(Collected data begins)

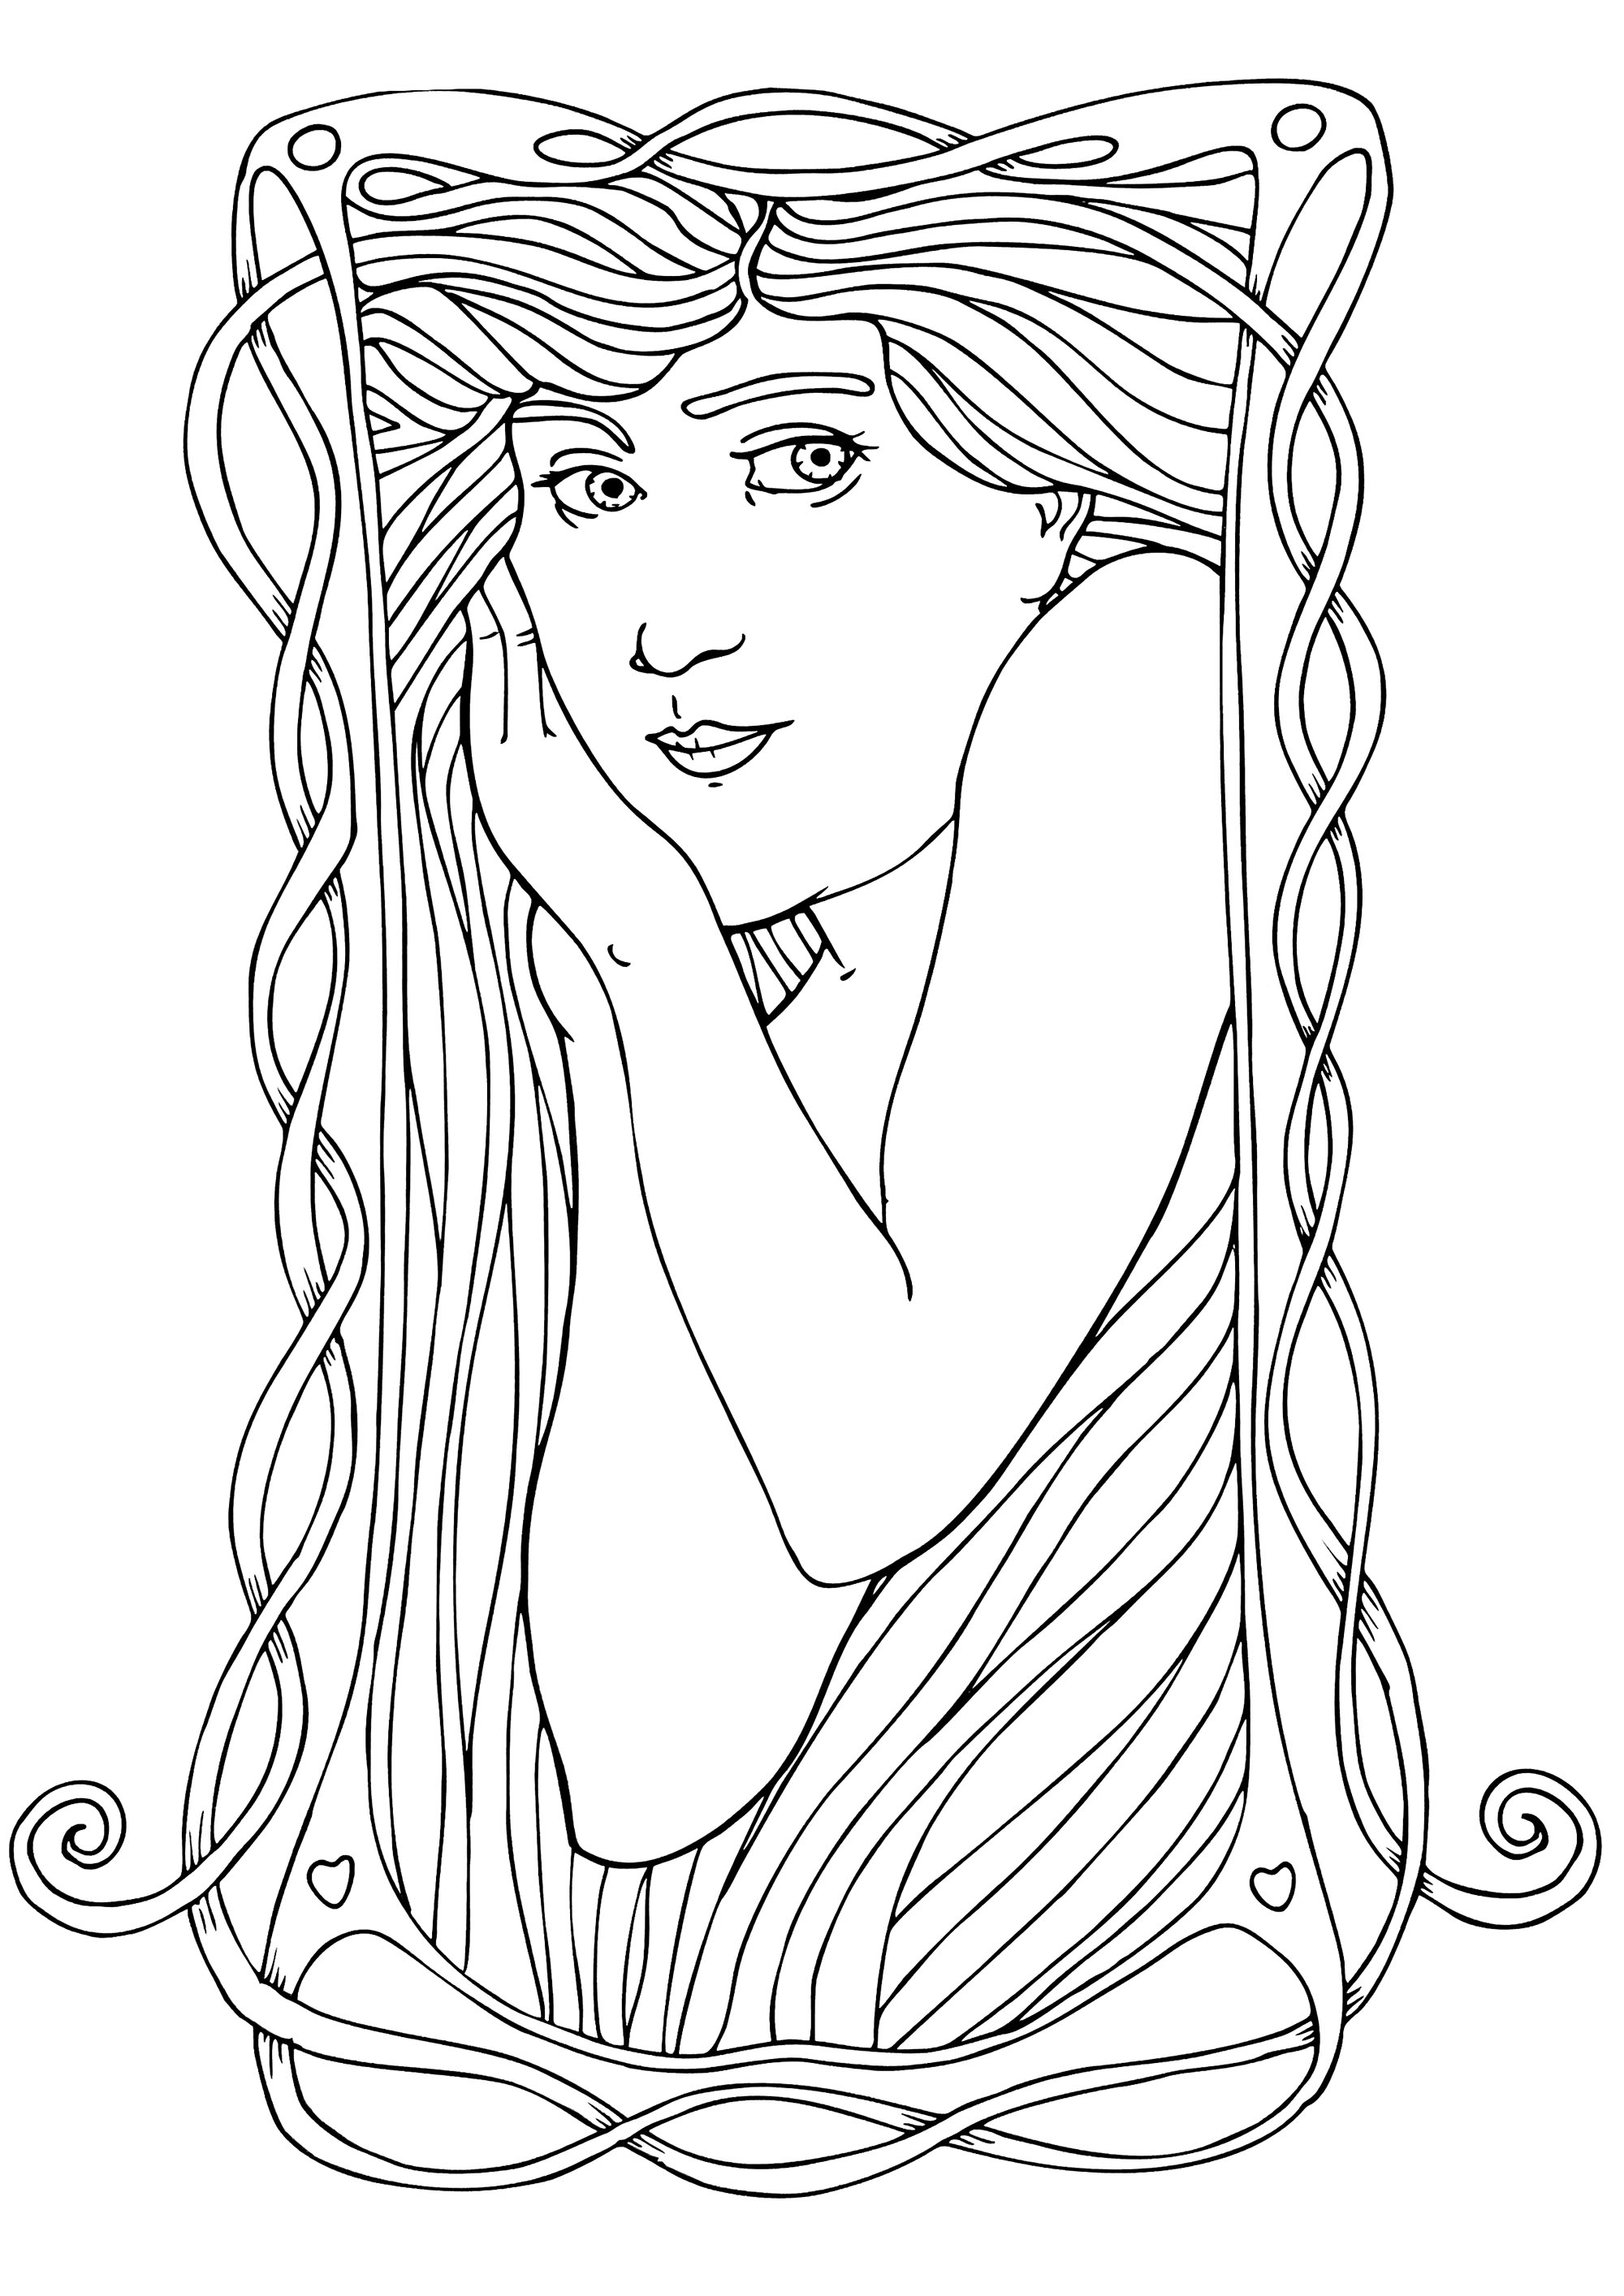 Donna in stile liberty - Semplice. Rappresentazione di una donna in stile Art Nouveau, che riproduce lo stile di Alfons Mucha, con pochi dettagli, Artista : Art'Isabelle
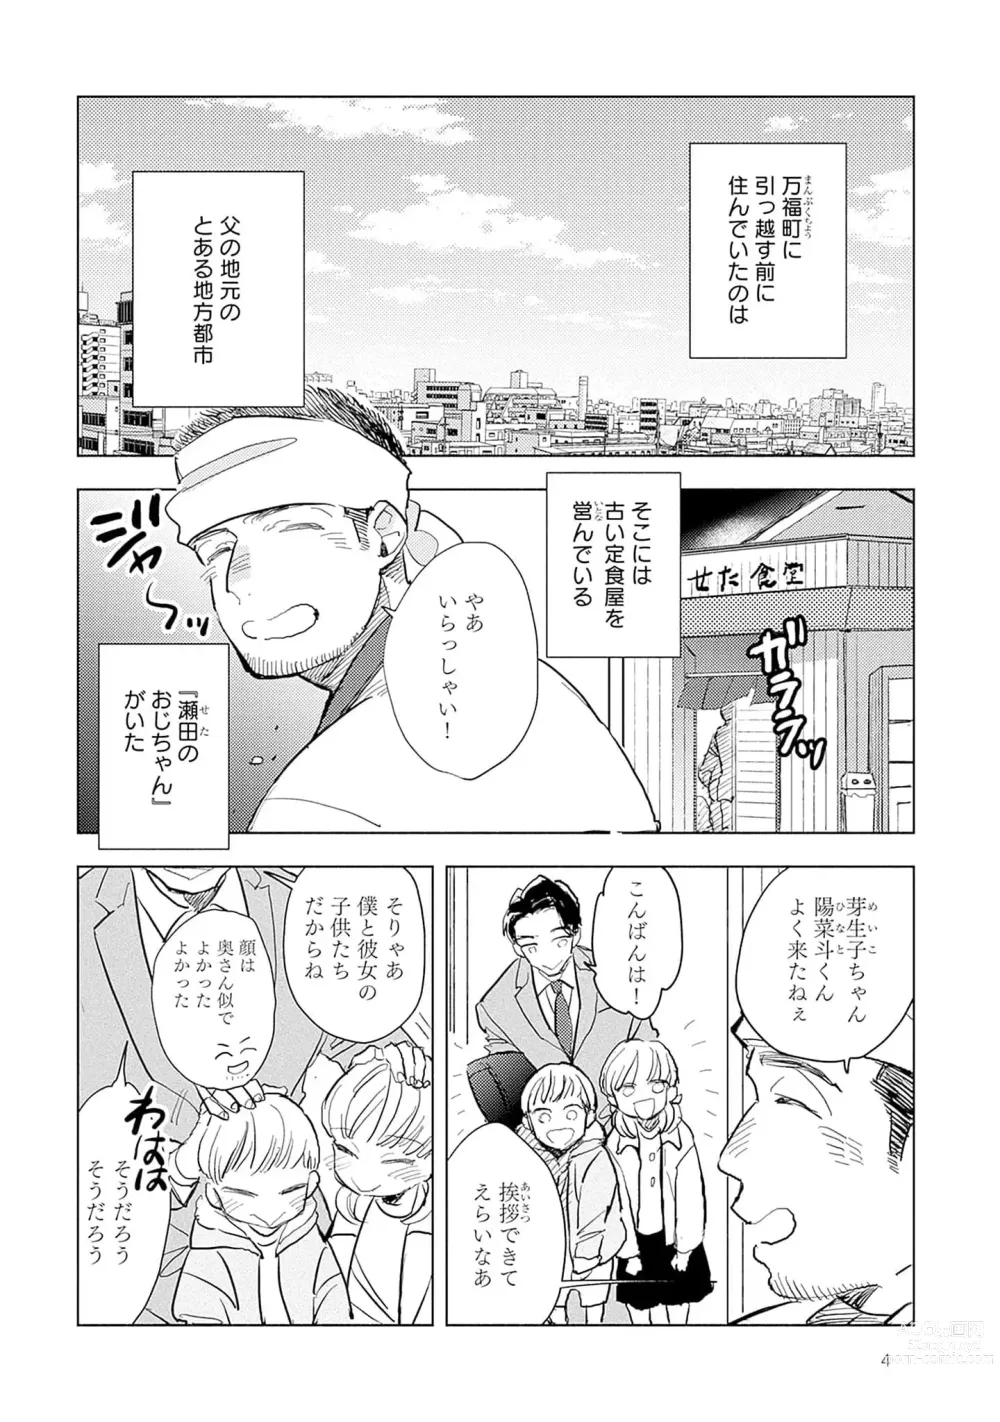 Page 6 of manga Strawberry na Days 2
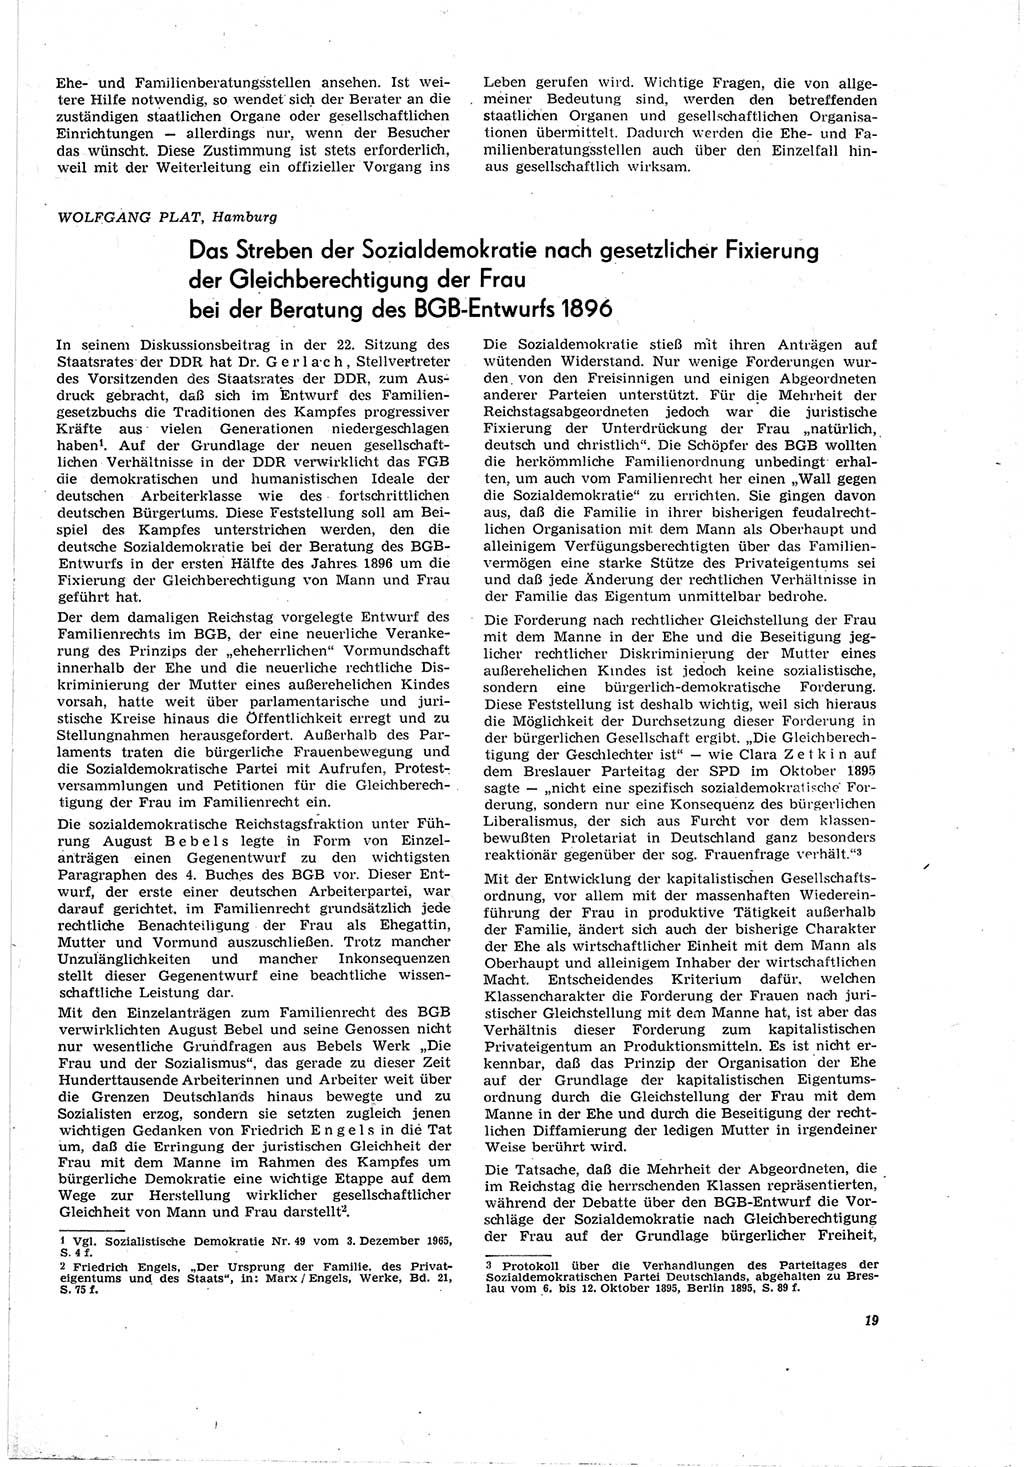 Neue Justiz (NJ), Zeitschrift für Recht und Rechtswissenschaft [Deutsche Demokratische Republik (DDR)], 20. Jahrgang 1966, Seite 19 (NJ DDR 1966, S. 19)

(Collected data ends)

Work request = Pictures stay out of the copy; print the material above exactly.

Exercise result =
 Donna in stile liberty - Semplice. Rappresentazione di una donna in stile Art Nouveau, che riproduce lo stile di Alfons Mucha, con pochi dettagli, Artista : Art'Isabelle
 Page 6 of manga Strawberry na Days 2
 Neue Justiz (NJ), Zeitschrift für Recht und Rechtswissenschaft [Deutsche Demokratische Republik (DDR)], 20. Jahrgang 1966, Seite 19 (NJ DDR 1966, S. 19)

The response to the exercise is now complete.